Depois do Mali, Paris intervém na República Centro-Africana, convida parceiros europeus à aventura e finge esquecer resultados trágicos da Conferência de Berlim, em 1885
Por Vinícius Gomes
Se havia dúvidas de que o governo “socialista” francês sente-se nostálgico das velhas relações entre Europa e África, elas terminaram nesta terça-feira . Ao falar ao Parlamento de seu país, o ministro das Relações Exteriores, Laurent Fabius, anunciou que “diversos países europeus” seguirão a iniciativa francesa e enviarão soldados à República Centro-Africana (RCA), a pretexto de “restarurar a paz”. A iniciativa põe em evidência, mais uma vez, os impasses da África, dividida entre países que vivem surtos (às vezes desordenados) de desenvolvimento e outros, em que o Estado nacional desmorona. Porém, a novidade principal é o regresso de um sentimento europeu atávico: a crença de que o Velho Continente tem a “missão” de civilizar o mundo.
A situação da República Centro-Africana é, de fato, dramática. Em março, um golpe de Estado derrubou o presidente François Bozizé – que assumira o poder dez anos antes, também por força das armas. Os últimos meses foram de caos crescente. Os golpistas, que se articulam no movimento Séléka, praticaram saques, estupros e execuções. Contra eles, formaram-se milícias igualmente violentas. Choques entre ambas as partes provocaram centenas de mortes e desabrigaram 400 mil pessoas – um em cada dez habitantes –, nas últimas semanas. A religião é a linha divisória entre os dois grupos, o que torna mais difícil uma solução. O Séléka é majoritariamente muçulmano; as milícias, cristãs.
A França, que já havia intervido na Líbia, tentara instigar uma agressão ocidental à Síria e ocupara o Mali, no início do ano, resolveu por as mãos também na República Centro-Africana. Cerca de 1,6 mil soldados franceses, com armamento muito superior ao dos grupos africanos, estão no país desde o final de novembro. Duas mortes, entre os invasores, fizeram despencar o apoio à intervenção na França. Por isso, o ministro Fabius está ansioso por envolver outras nações europeias.

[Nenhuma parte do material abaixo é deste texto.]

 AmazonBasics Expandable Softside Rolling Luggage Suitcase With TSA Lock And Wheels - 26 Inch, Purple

Mas por trás das disputas na RCA está também… a Europa. O país é apenas mais um entre os que tiveram suas fronteiras forjadas pela “imaginação” europeia, no século 19. O episódio marcante desta intervenção foi a Conferência de Berlim, em 1885. Nela, governantes do Ocidente partilharam entre si o continente africano. Oito potências – Grã Bretanha, França, Espanha, Itália, Bélgica, Holanda, Dinamarca, Estados Unidos, Suécia, Áustria-Hungia e Império Otomano – dedicaram-se a esse exercício macabro, em consórcio com suas grandes empresas.

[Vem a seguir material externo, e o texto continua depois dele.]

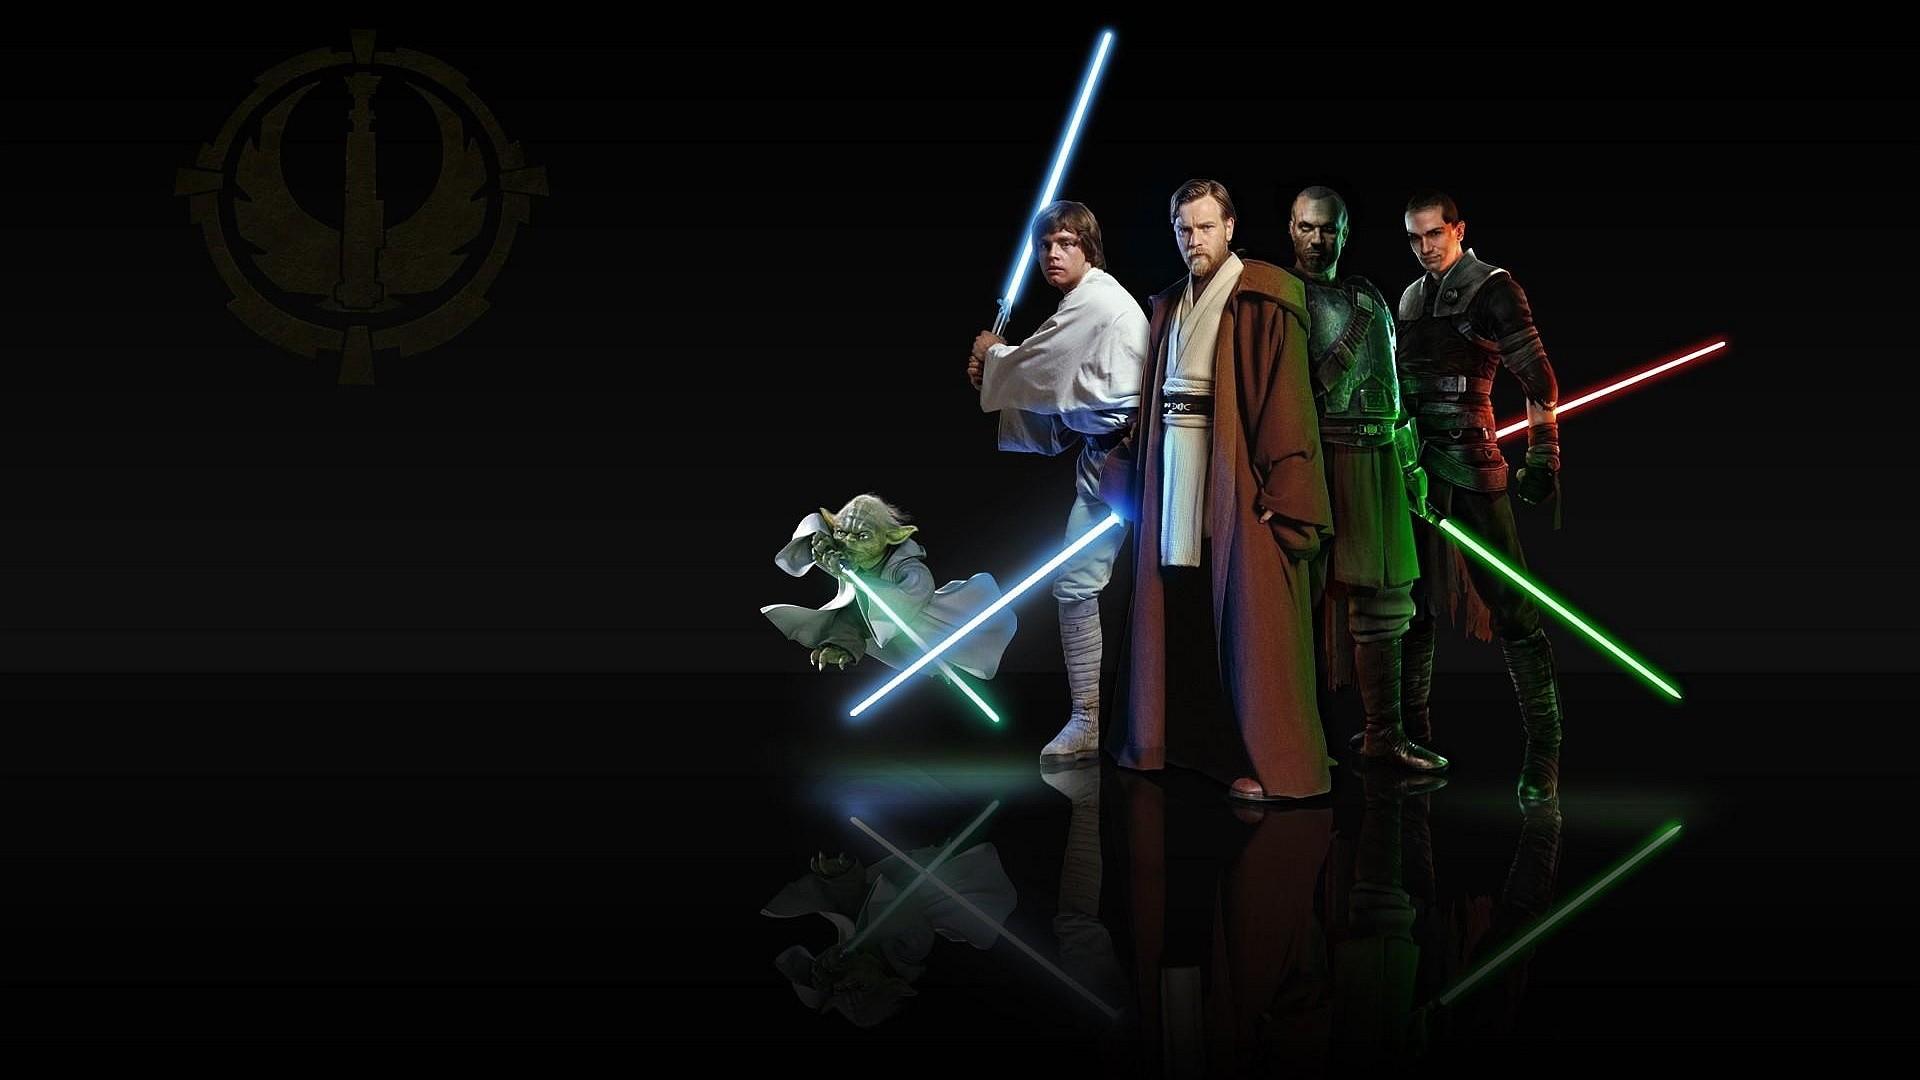 3d Star Wars Wallpaper   Free HD Desktop Background Wallpaper – Free .

Desrespeitaram história, relações étnicas e culturais dos povos nativos. Traçaram as fronteiras do continente com a força de seus exércitos e a bússola de seus próprios interesses. As consequências podem ser sentidas mais de cem anos depois. Expressam-se nos genocídios de Ruanda e Darfur, na necessidade de criar o Sudão do Sul e em violentos conflitos entre muçulmanos e cristãos na Nigéria e, agora, na RCA.
Mas por que a França tem desempenhado papel central? Num texto recente, o sociólogo Immanuel Wallerstein sugere: que “o que permite essa agressividade francesa é o declínio do poder efetivo dos EUA no cenário mundial”. E o palco da ação de Paris é a África, continente que a França sempre viu como seu “quintal” e onde ainda mantém três grandes bases militares.
O próprio Wallerstein lembra, contudo, que tudo tem um preço: “Assim como os EUA descobriram no Oriente Médio, pode ser bem difícil retirar suas tropas uma vez que elas entram [no país]“, e geralmente, a opinião pública doméstica não apoia mais a intervenção. No caso da RCA, não chegou nem a dez dias.